Gina Messina-Dysert’s “The Evolution of Feminist Studies in Religion” astutely chronicles developments in the field and the exciting ways technology is expanding its reach. While there is much in her article that applies to feminist studies in any religion, there are notable points of departure for feminist studies in Islam. Muslim feminists are making profound strides through academia and online platforms, but we face significant challenges of our own, including those surrounding the impact of technology. As we confront these challenges, ongoing goals for all feminists should include finding greater and more meaningful [End Page 149] ways of collaboration, and honoring principles of intersectionality and inclusiveness.

The extent of Muslim women’s exclusion from both religious and feminist spheres is profound.
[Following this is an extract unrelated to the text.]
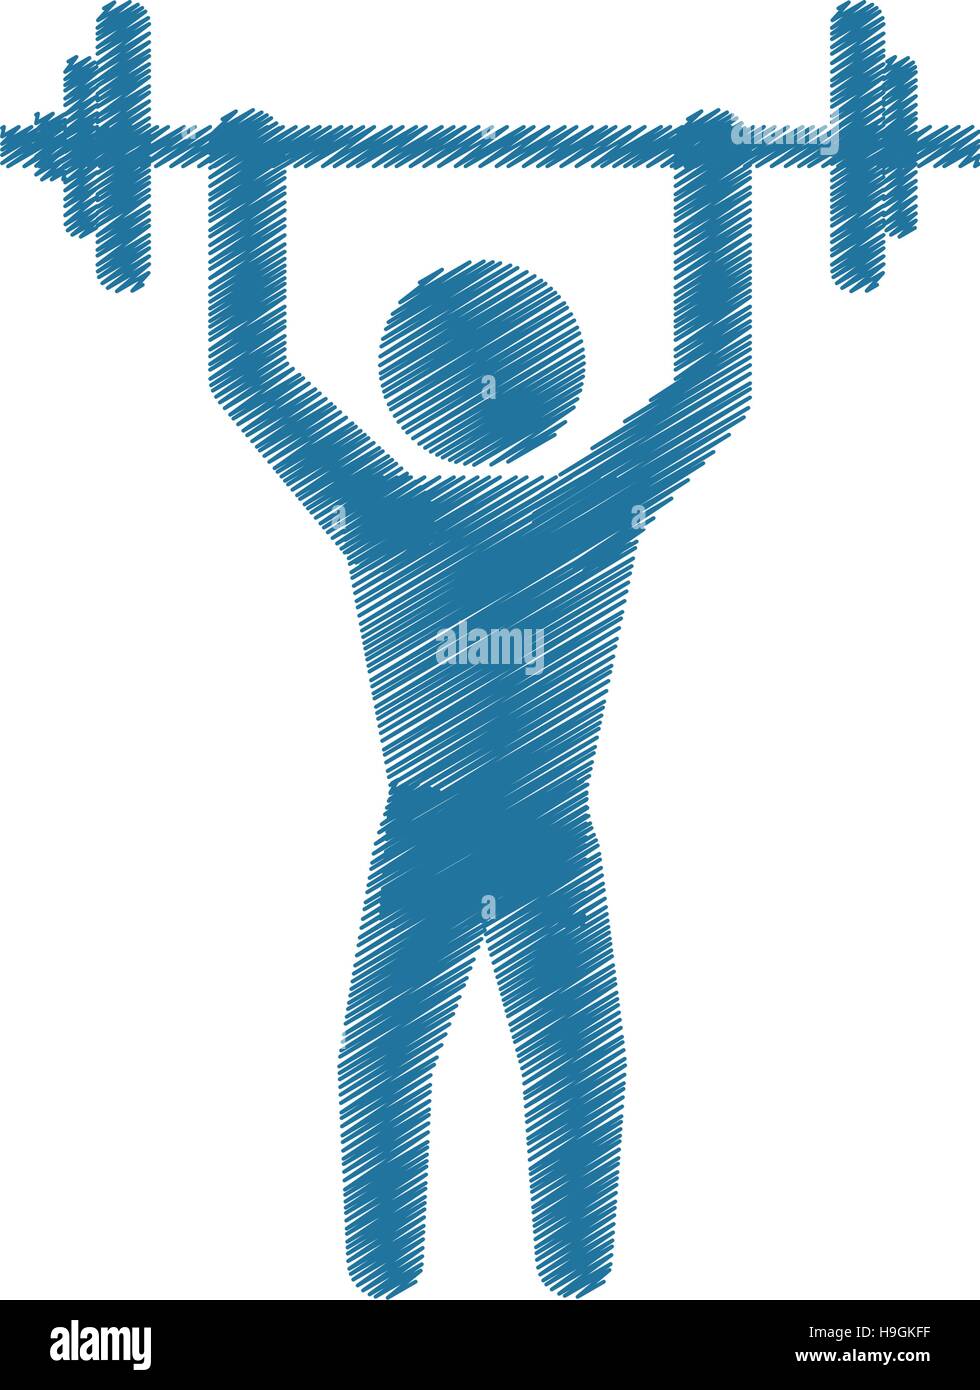 Zeichnung farbig Silhouette Mann Fitnessraum Gewicht Hantel  Stock-Vektorgrafik - Alamy

Muslim apologists emphasize the rights given to women in the Qur’an, but Muslim religious spaces, interpretive tradition, and jurisprudence have been decidedly the province of men. The dominant exegeses have all been produced by men, such that “men and men’s experience were included and women and women’s experiences were either excluded or interpreted through the male vision, perspective, desire or needs of women.”1 Prescribed prayers are led almost exclusively by male imams. When Amina Wadud became the first woman to lead a mixed-gender Muslim prayer in the United States, the organizers couldn’t find a single mosque willing to hold the event and faced threats of violence.2 The vast majority of prayer halls are gender separated, and both mosque and religious organizational boards remain largely male. Female Muslim speakers at religious conferences are so rare that lists of women scholars and speakers frequently circulate on Twitter, with pleas for inclusion. Women’s voices, especially Muslim feminist voices, in traditional Muslim spaces have been anything but amplified.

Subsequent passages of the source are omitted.